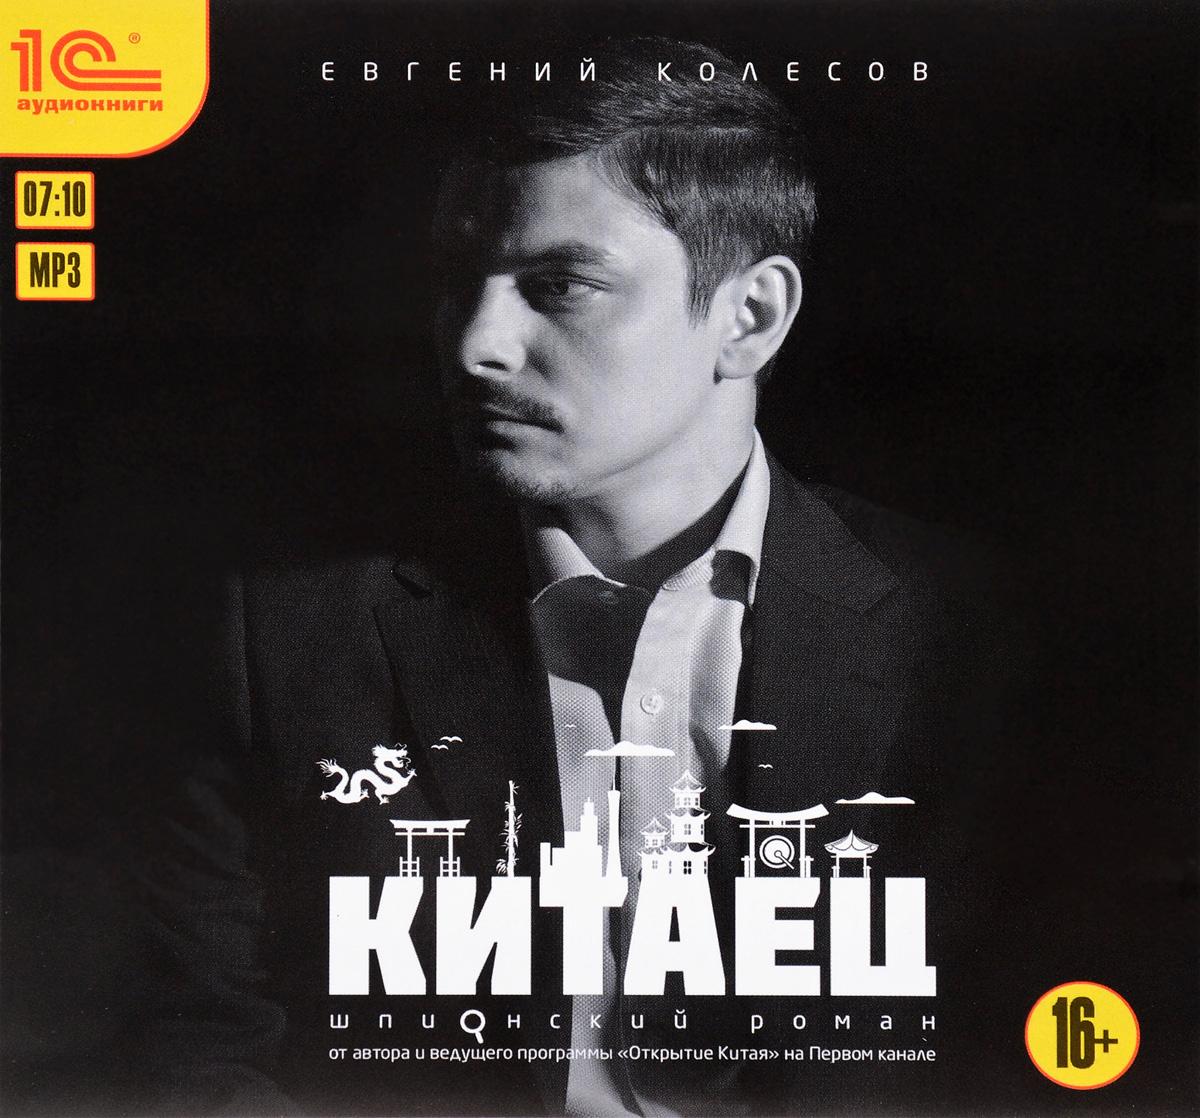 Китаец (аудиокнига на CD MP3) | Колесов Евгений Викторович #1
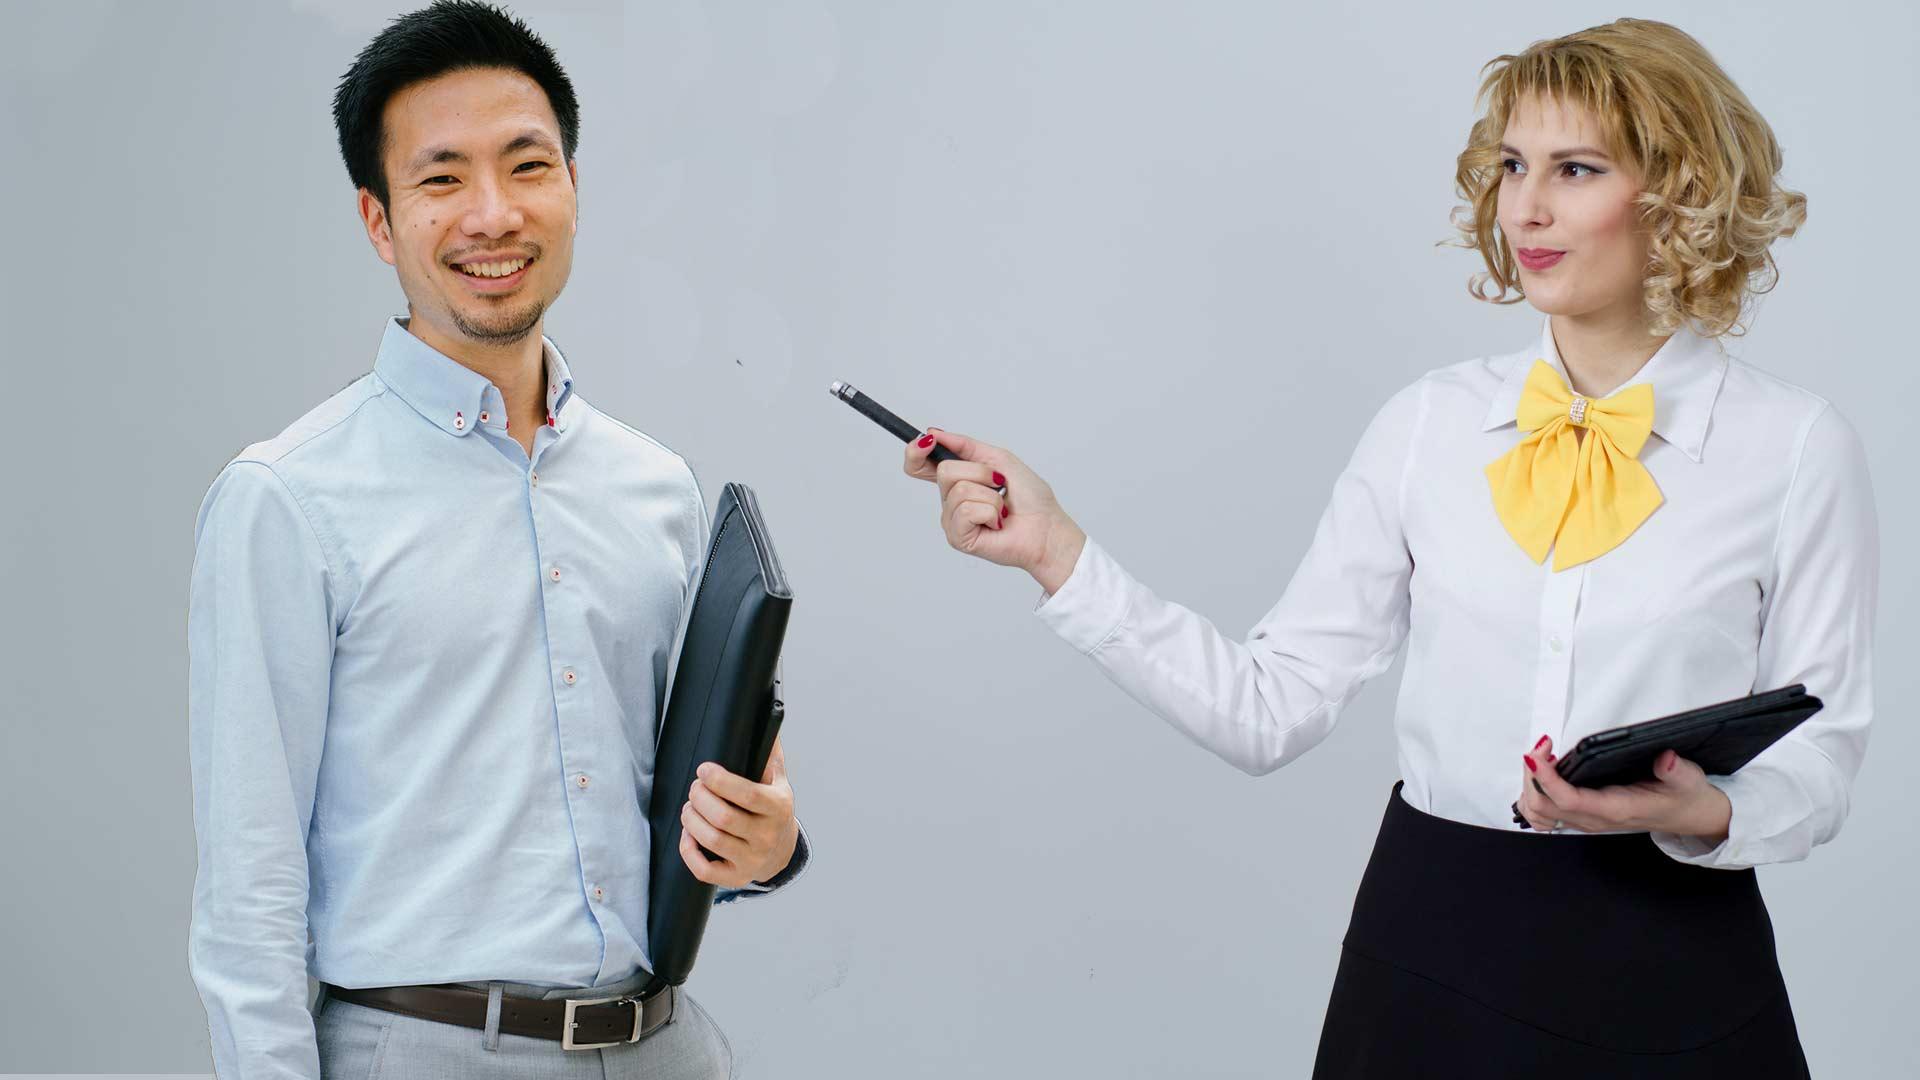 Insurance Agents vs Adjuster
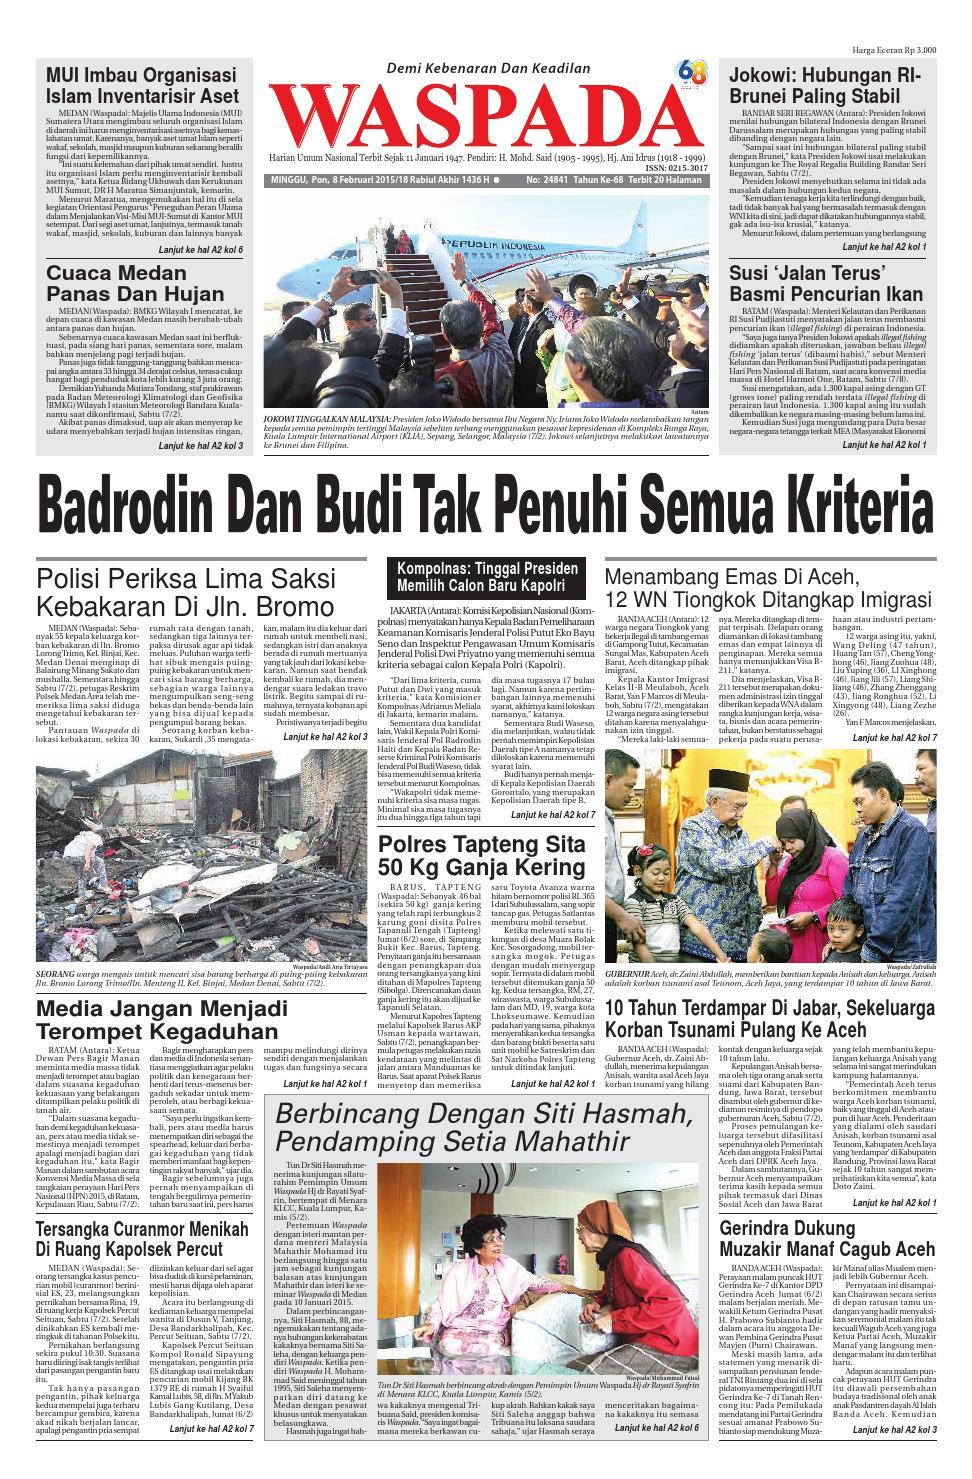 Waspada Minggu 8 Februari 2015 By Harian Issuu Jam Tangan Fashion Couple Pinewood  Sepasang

*PROBLEM TO WORK ON*
Where a picture appears, skip it and copy the rest of the data word for word.

*ANSWER FOR THE TASK*
 Китаец (аудиокнига на CD MP3) | Колесов Евгений Викторович #1
 Insurance Agents vs Adjuster
 Waspada Minggu 8 Februari 2015 By Harian Issuu Jam Tangan Fashion Couple Pinewood  Sepasang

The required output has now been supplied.